Description of the task
Pictures aside, repeat the whole listing word for word.

Collected data
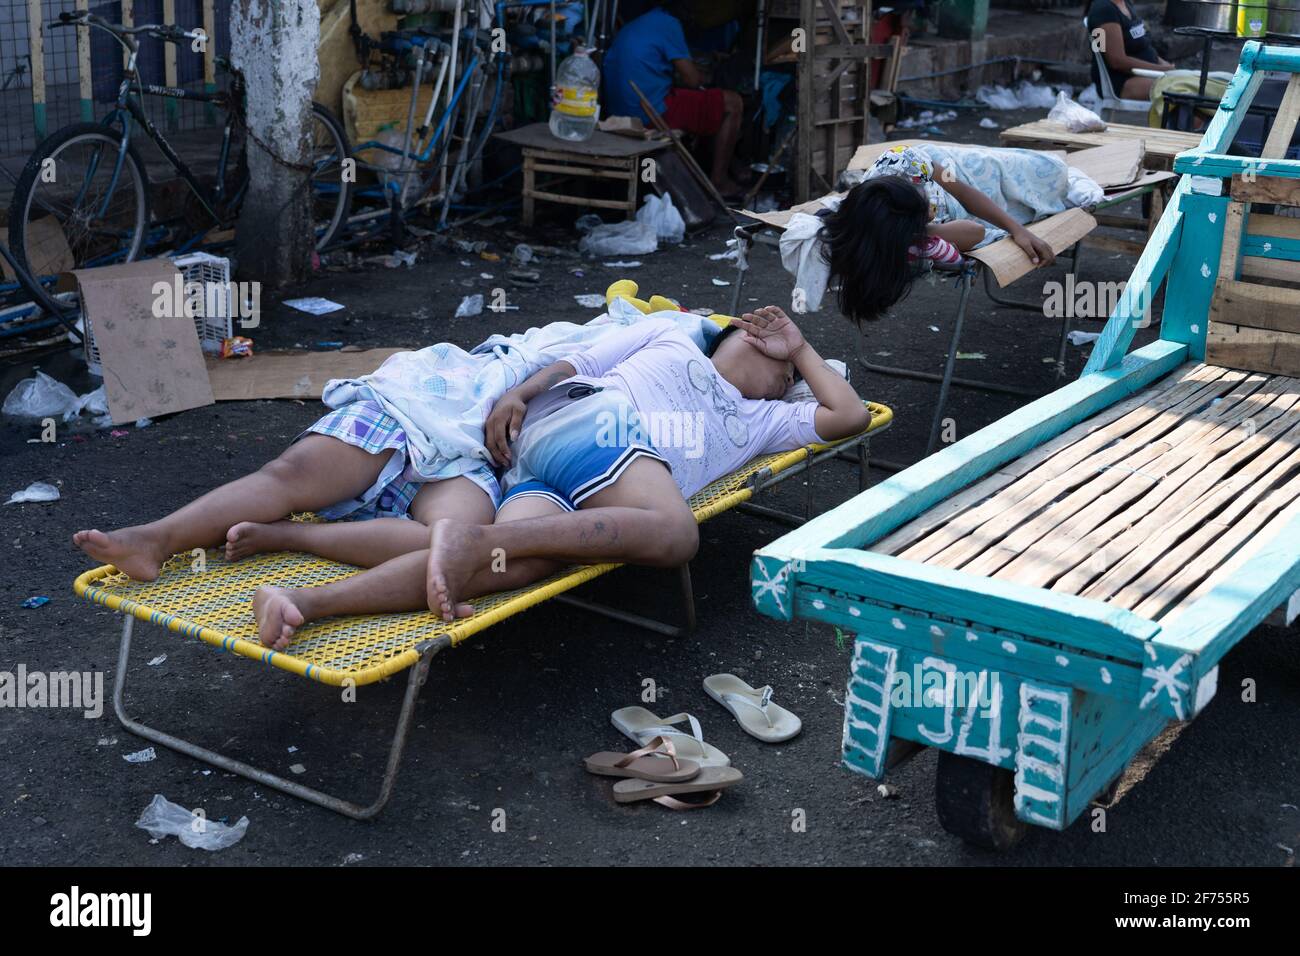 Homeless people sleeping on makeshift beds in a poor area of Cebu City, Philippines Stock Photo
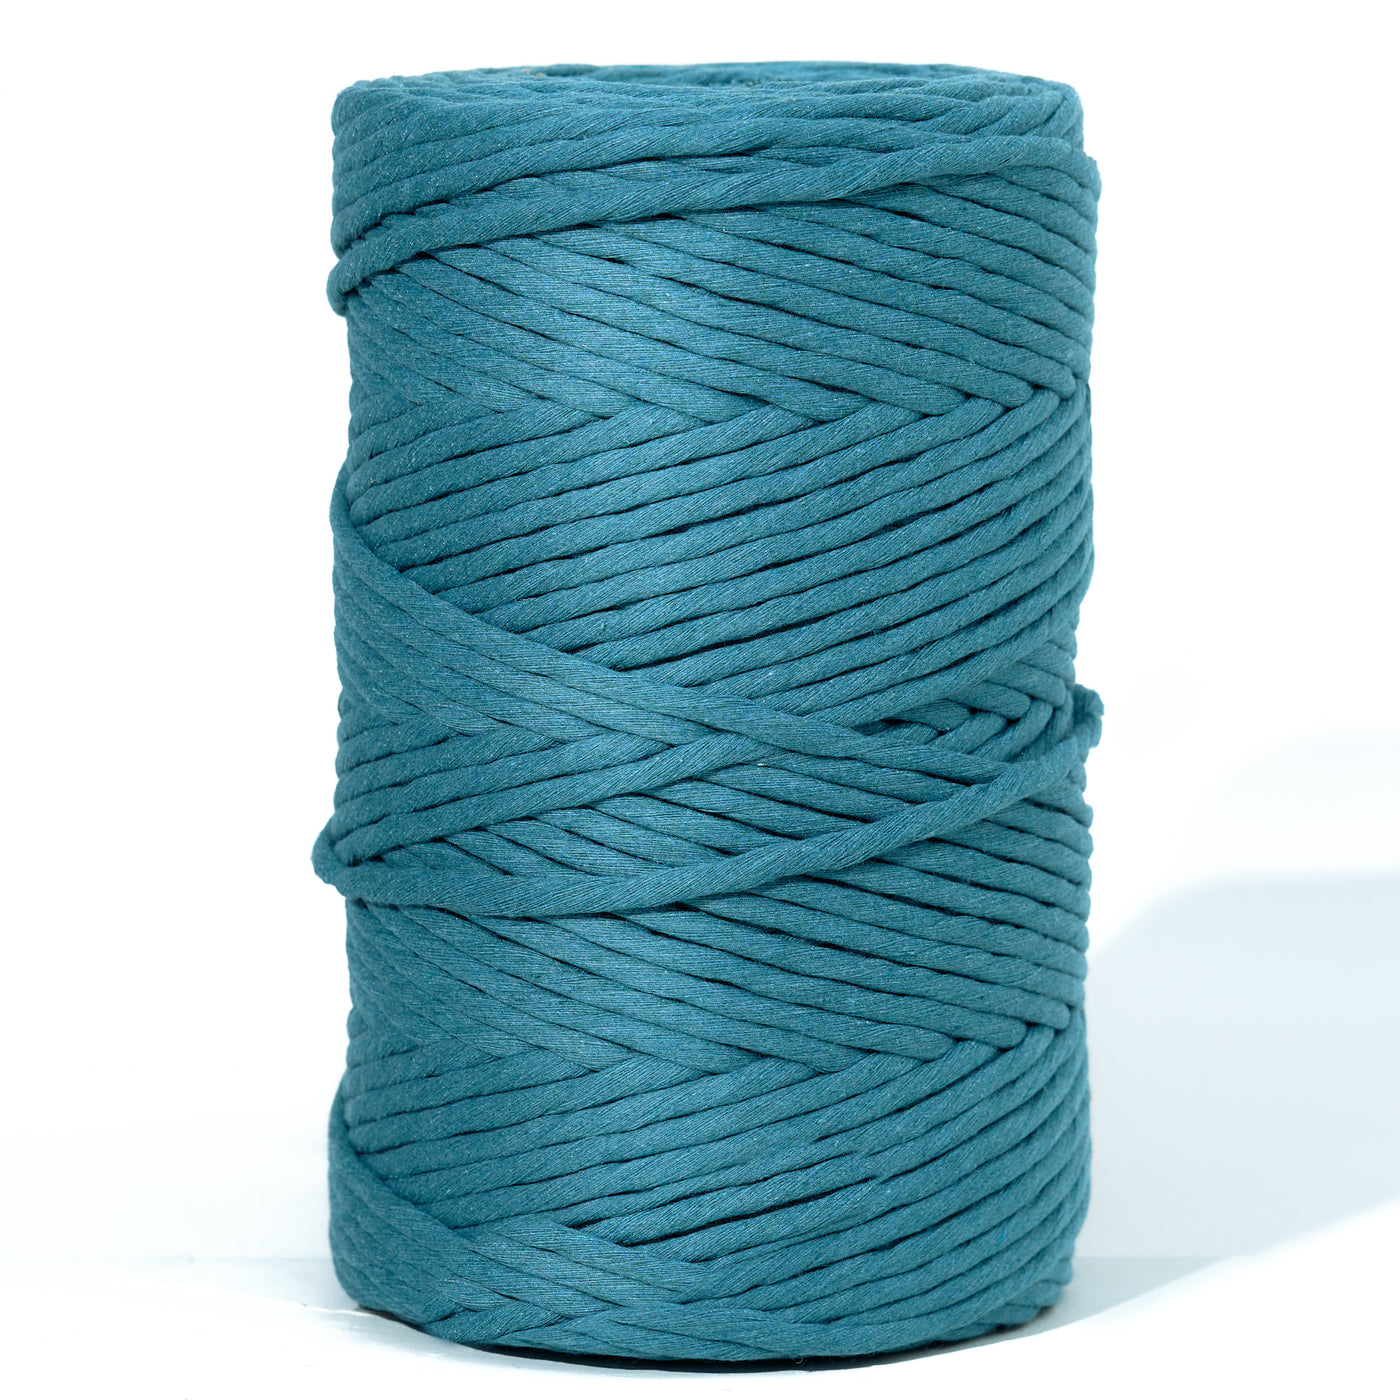 SOFT COTTON CORD ZERO WASTE 6 MM - 1 SINGLE STRAND - OCEAN TEAL COLOR
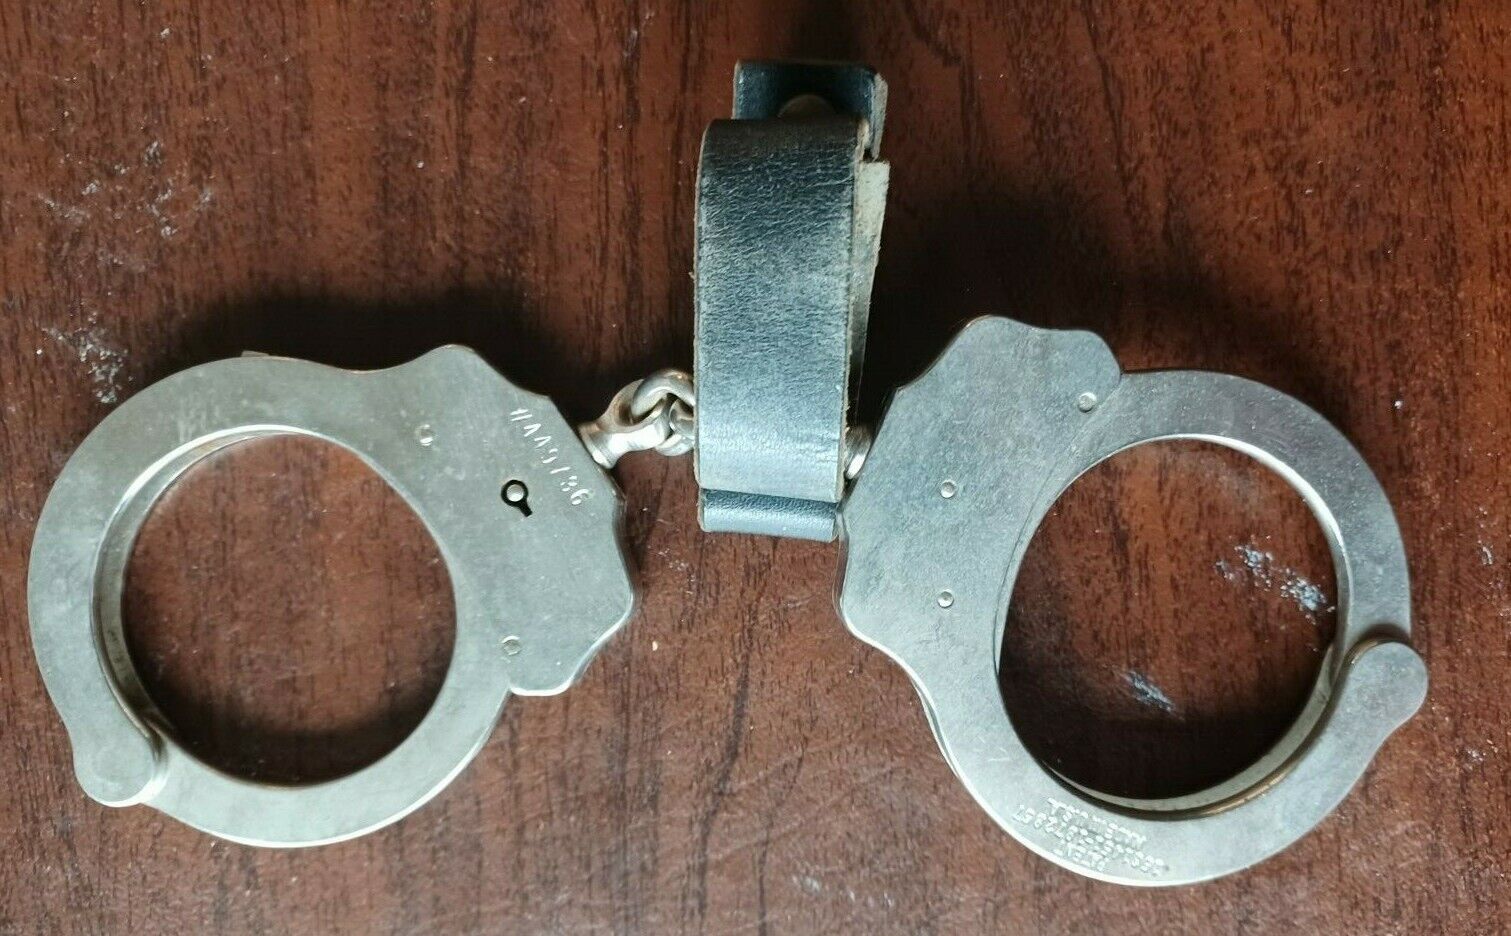 Peerless Model 300 Handcuffs With Holder - Keys Not Included

Response box
 Homeless people sleeping on makeshift beds in a poor area of Cebu City, Philippines Stock Photo
 SOFT COTTON CORD ZERO WASTE 6 MM - 1 SINGLE STRAND - OCEAN TEAL COLOR
 Peerless Model 300 Handcuffs With Holder - Keys Not Included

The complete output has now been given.